The current average rate for a 30-year mortgage is 6.28%. This 30-year term is commonly chosen for its ability to lower monthly payments by distributing costs over 360 months.
The 15-year mortgage average rate is currently at 5.56%. When weighing between a 15-year and a 30-year mortgage, consider your immediate and long-term financial strategies.
A 15-year mortgage typically offers a lower interest rate compared to a 30-year term, which is advantageous over time as it enables you to settle the loan 15 years earlier, thus reducing total interest accumulation. However, this results in higher monthly payments since the loan amount is repaid in a shorter period.
For example, if you were to take a $300,000 mortgage at a 6.28% rate with a 30-year term, your monthly payment would be approximately $1,853, resulting in a total interest payment of $367,083 over the loan’s duration, in addition to the original $300,000.
Conversely, with the same $300,000 mortgage but under a 15-year term at a 5.56% rate, your monthly payments would rise to $2,461, while total interest paid would only be $142,946.
With a fixed-rate mortgage, your rate remains constant for the life of your loan, although refinancing will result in a new rate.
An adjustable-rate mortgage offers a stable rate for a designated initial period before it adjusts based on market conditions. For instance, in a 7/1 ARM, the initial rate is fixed for seven years and then fluctuates annually for the subsequent 23 years.
Adjustable rates generally begin lower than fixed ones; however, after the initial lock-in period, there’s a risk of increases. Interestingly, some recent fixed rates have been lower than adjustable rates, so it’s advisable to discuss options with your lender.

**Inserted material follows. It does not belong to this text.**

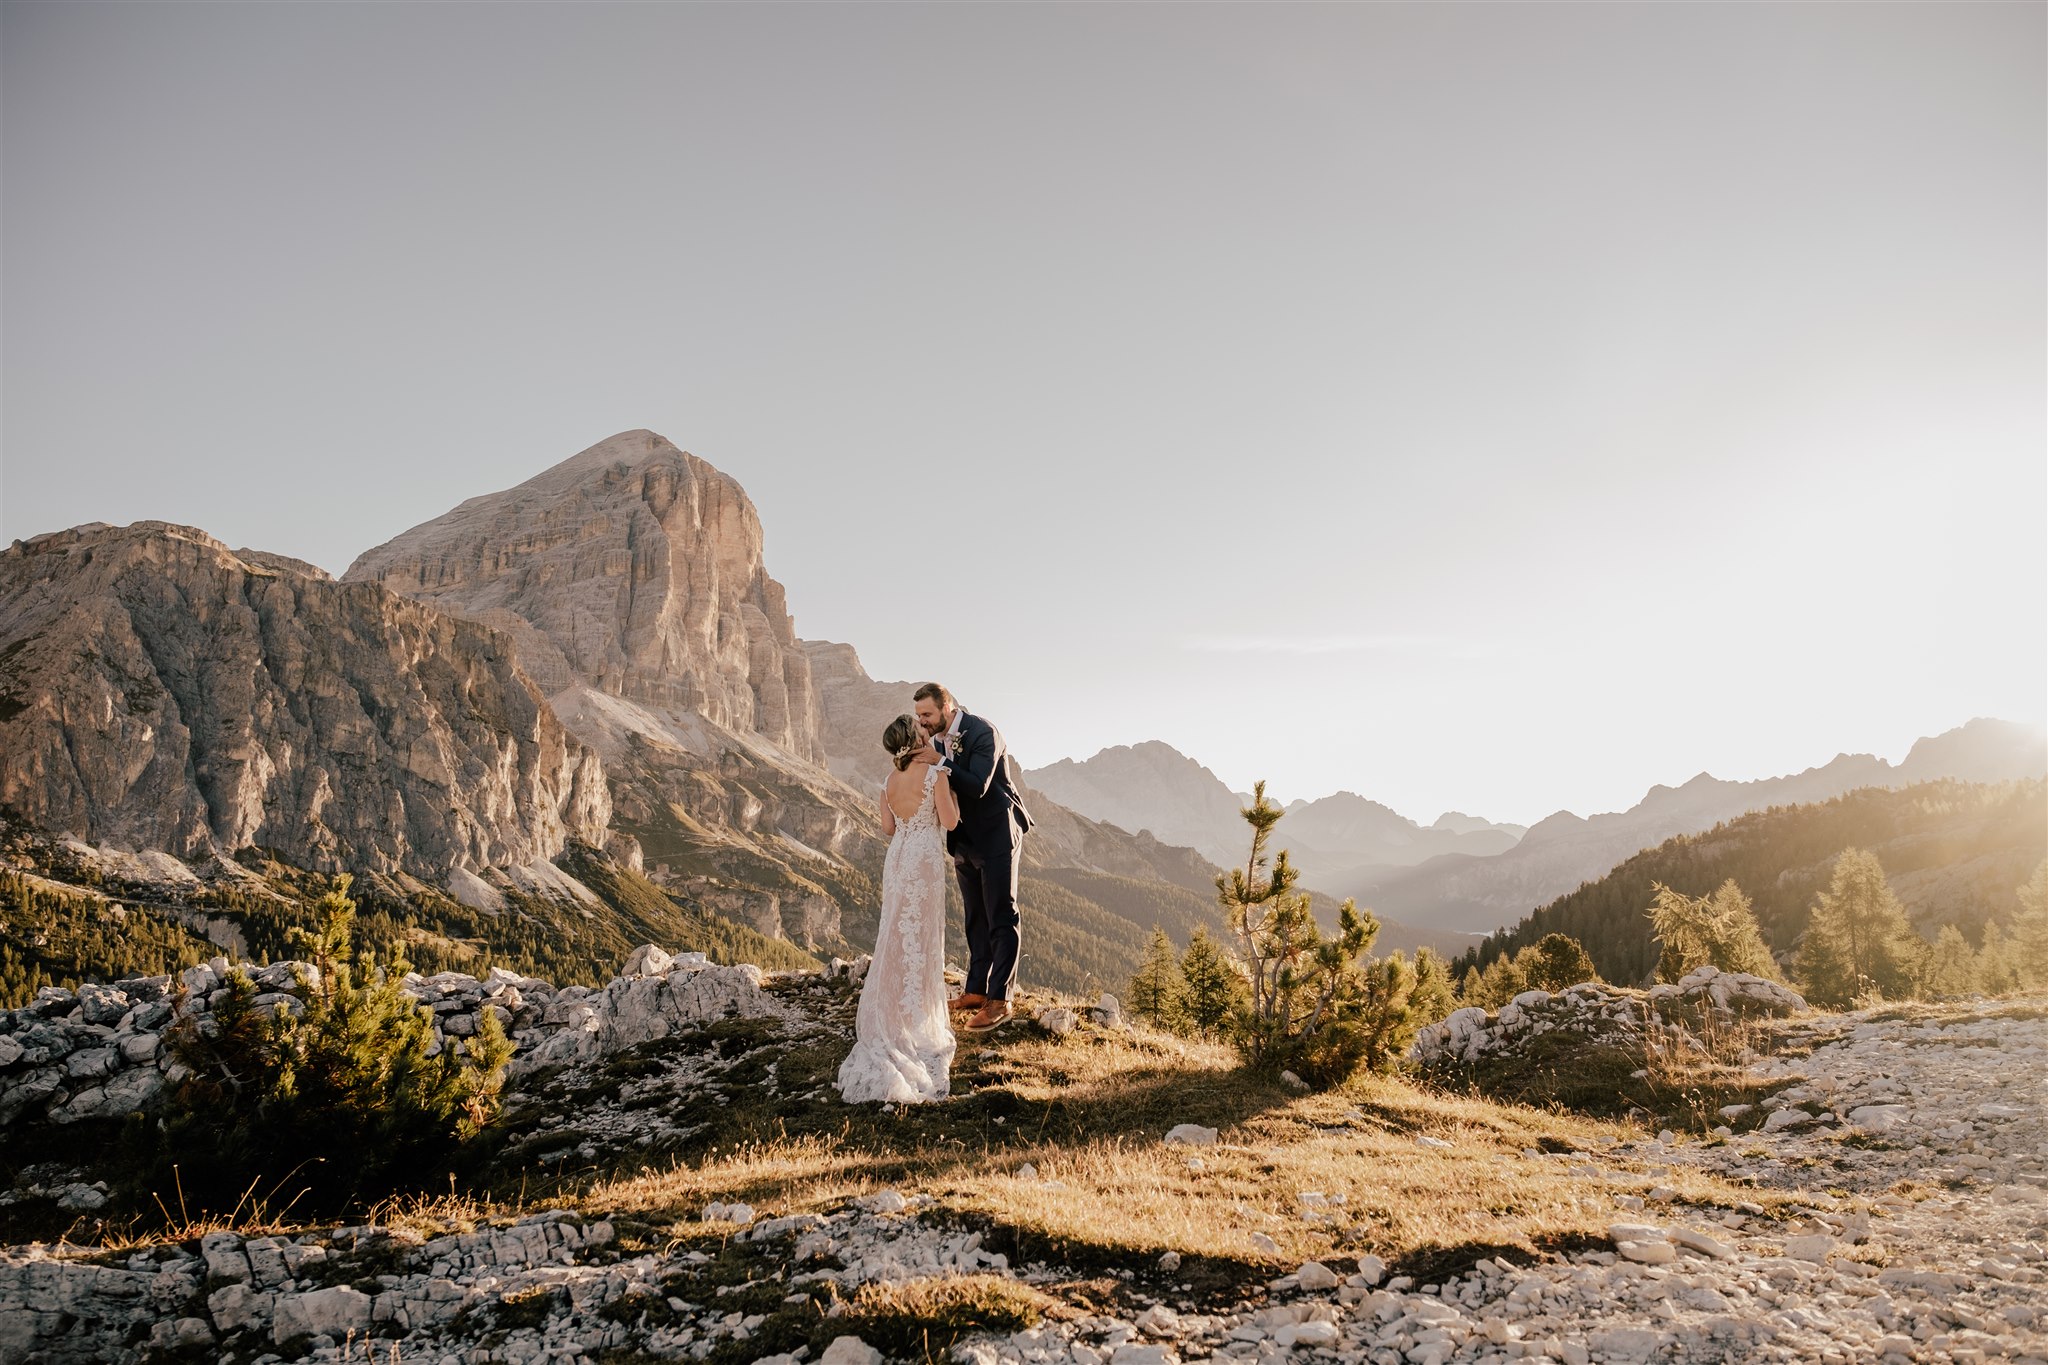 Multi-Day Hiking Elopement in the Dolomites – Shayna & Jake

Mortgage lenders typically offer the most competitive mortgage rates to borrowers with substantial down payments, strong credit scores, and favorable debt-to-income ratios. If your goal is to secure a lower rate, consider saving more, enhancing your credit score, or reducing your debt before house hunting.
Giving time for rates to fall isn’t likely the best strategy for securing the lowest mortgage rate. If you’re ready to purchase, concentrating on your financial health may prove more beneficial.
To identify the most suitable mortgage lender for your needs, aim for mortgage preapproval with several lenders, preferably within a brief timeframe to enhance comparison accuracy and minimize credit score impact.
When selecting a lender, it’s crucial to evaluate components beyond interest rates. Pay special attention to the mortgage annual percentage rate (APR), which encompasses the interest rate, any discount points, and associated fees, giving a clearer picture of the annual cost of borrowing. This figure is vital when comparing lenders.
Get 6 tips for selecting a mortgage lender.
Zillow reports the national average for a 30-year mortgage intended for home purchase is 6.28%, and the average for a 15-year mortgage is 5.56%. Bear in mind, these are national averages; rates in your specific locale may vary. Typically, areas with higher living costs see increased averages, while less expensive areas tend to have lower averages.
The average current rate for a 30-year fixed mortgage stands at 6.28%, according to Zillow. Nonetheless, you might qualify for a more favorable rate with a strong credit score and a substantial down payment along with a low debt-to-income ratio (DTI).
While mortgage rates may not show drastic decreases soon, there might be minor fluctuations in the coming weeks.